I developed most of the material in this course in 1992-4. Many
people provided feedback on the material as it was being developed,
most importantly Anne Rogers, Dave Hanson, and Michael Cohen, who
co-taught the course, kept in touch with what the students were doing,
and Steph Damianakis, who worked with us on the precepts and did a lot
of the real teaching in the first offering of the course. Alex
Gounares, Jon Mcallister, and Gun Sirer pretested several of the
programming assignments and provided valuable input.

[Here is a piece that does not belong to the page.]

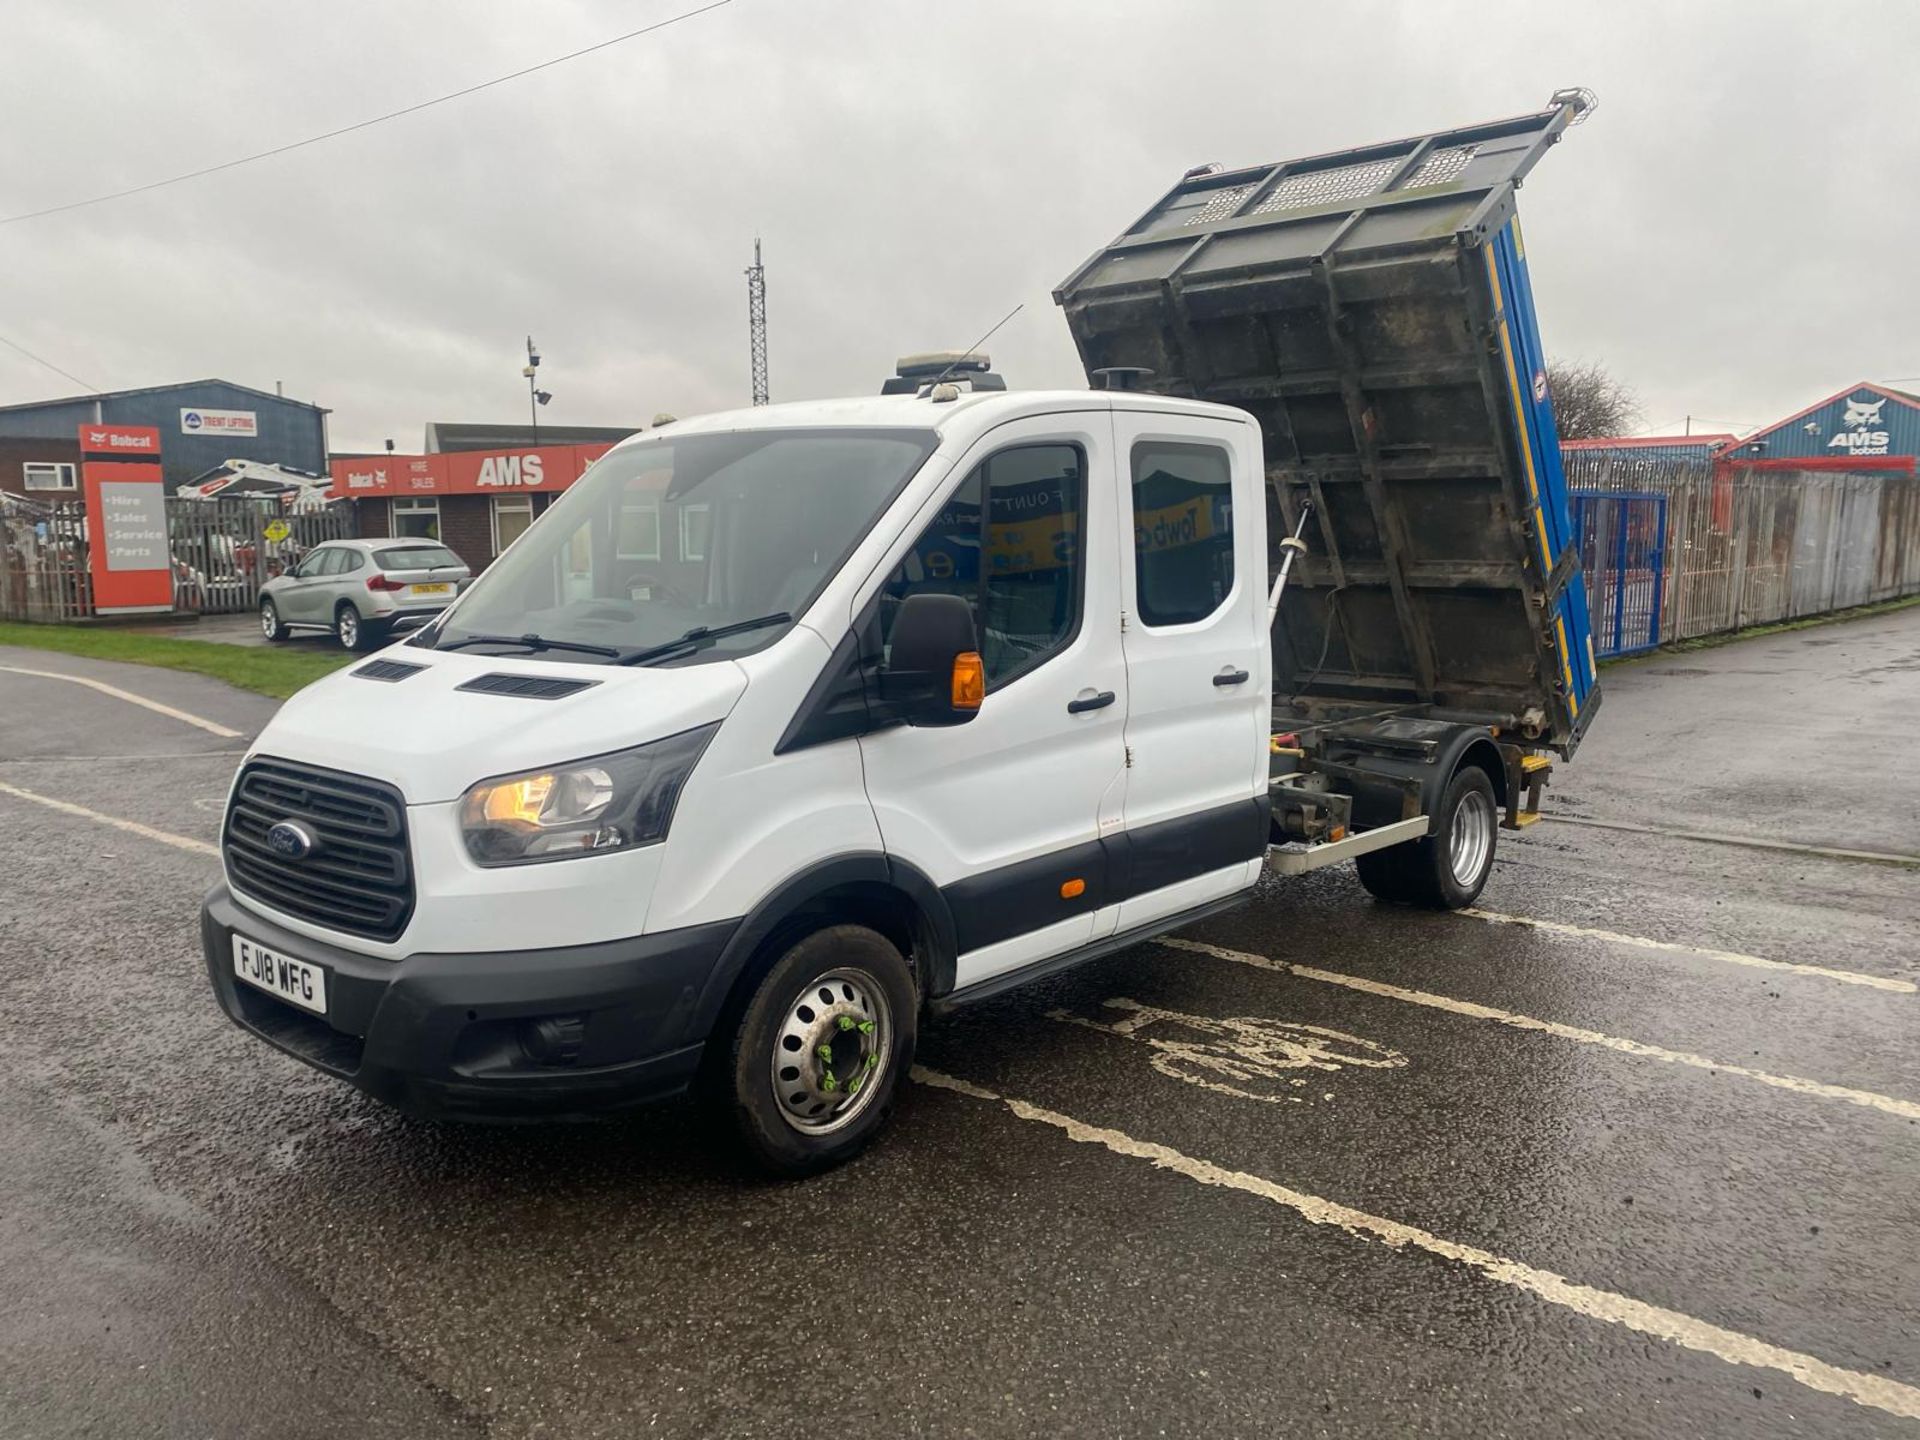 2018 18 FORD TRANSIT 470 TIPPER - 90K MILES - 4.7 TON GROSS - 3 SEATS - RARE TIPPER - TOWBAR - Image 3 of 15
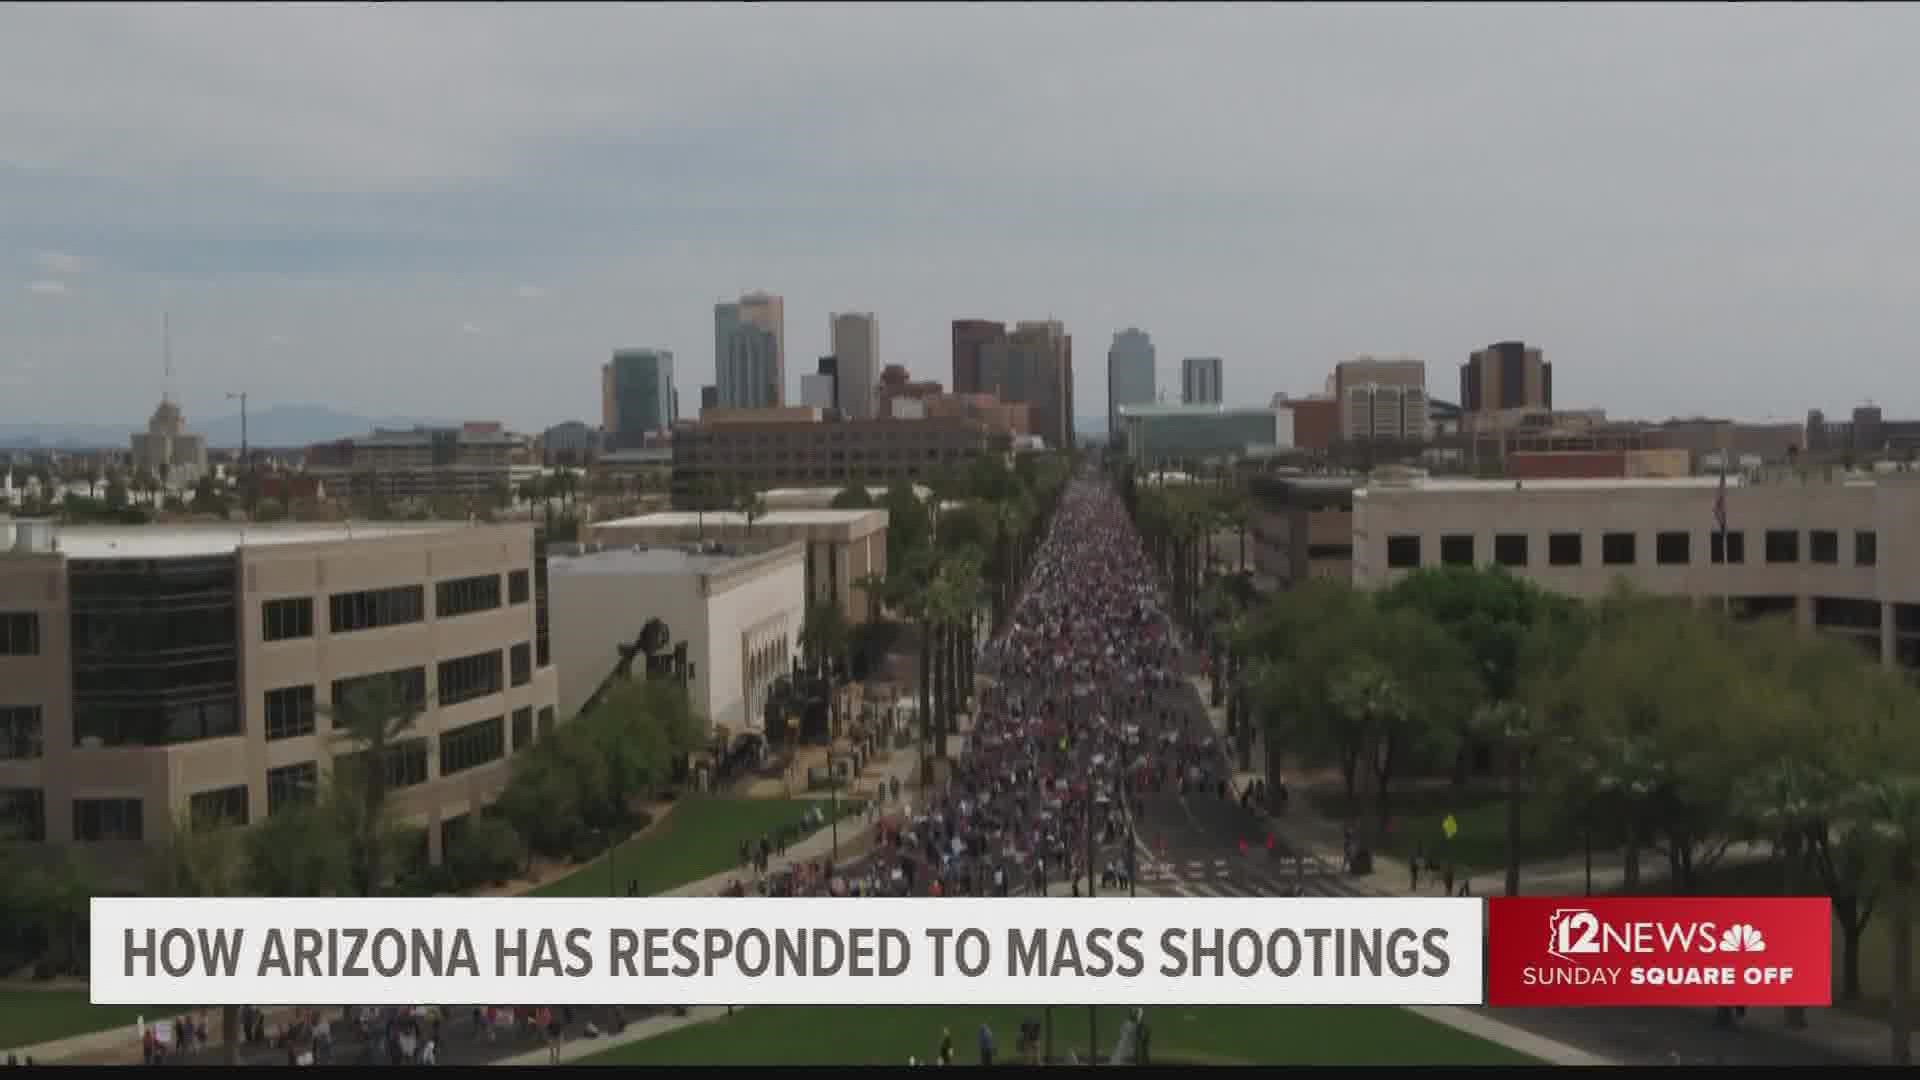 Do you remember what happened after the massive 2018 March For Our Lives against gun violence at the Arizona State Capitol?

A. Appel, S. Arora, B. Chazelle, D. Hanson, A. LaPaugh,
and A. Yao taught the course in 1994-7, and have helped to refine
the course materials in numerous ways. In particular, Hanson led the
charge to bring the course fully online, and R. Shillner further
developed the online materials in 1997. I edited and updated all of
the materials in the fall of 1997, bringing them to essentially the
state reflected in this packet.
Programming Assignments
The basic calculation from Program 2 is from Dewdney's Turing
Omnibus; its potential as an ``easy'' assigment was brought to my
attention by Mike Weiksner. Program 3 is adapted from an assignment
originally developed by S. Arora and A. LaPaugh. Program 6 was
conceived and developed by Gun Sirer. Program 8 was developed by Gun
Sirer and Jon Mcallister; I updated it to Java in 1997.
Lectures
Sources for the logical design lectures include the old book
The Man-Made World by David, et. al., Principles of Computer
Science by Schaffer, and Dewdney, though not much of the material is
directly adapted from any of these sources. The dragon curve lecture
originated with Knuth, dating back at least to the early 70s. Sources
for the theory of computation material include Dewdney, Schaffer, and
Harel's Algorithmics. The Turing machine setup is from Harel,
and the Halting problem approach is from Aho and Ullman's
Foundations of Computer Science. The lecture on the ``sublist sum''
problem is from Bentley's Programming Pearls, and the lecture on
optimizing the heuristic to solve the traveling salesman problem
is from Bentley's Writing Efficient Programs.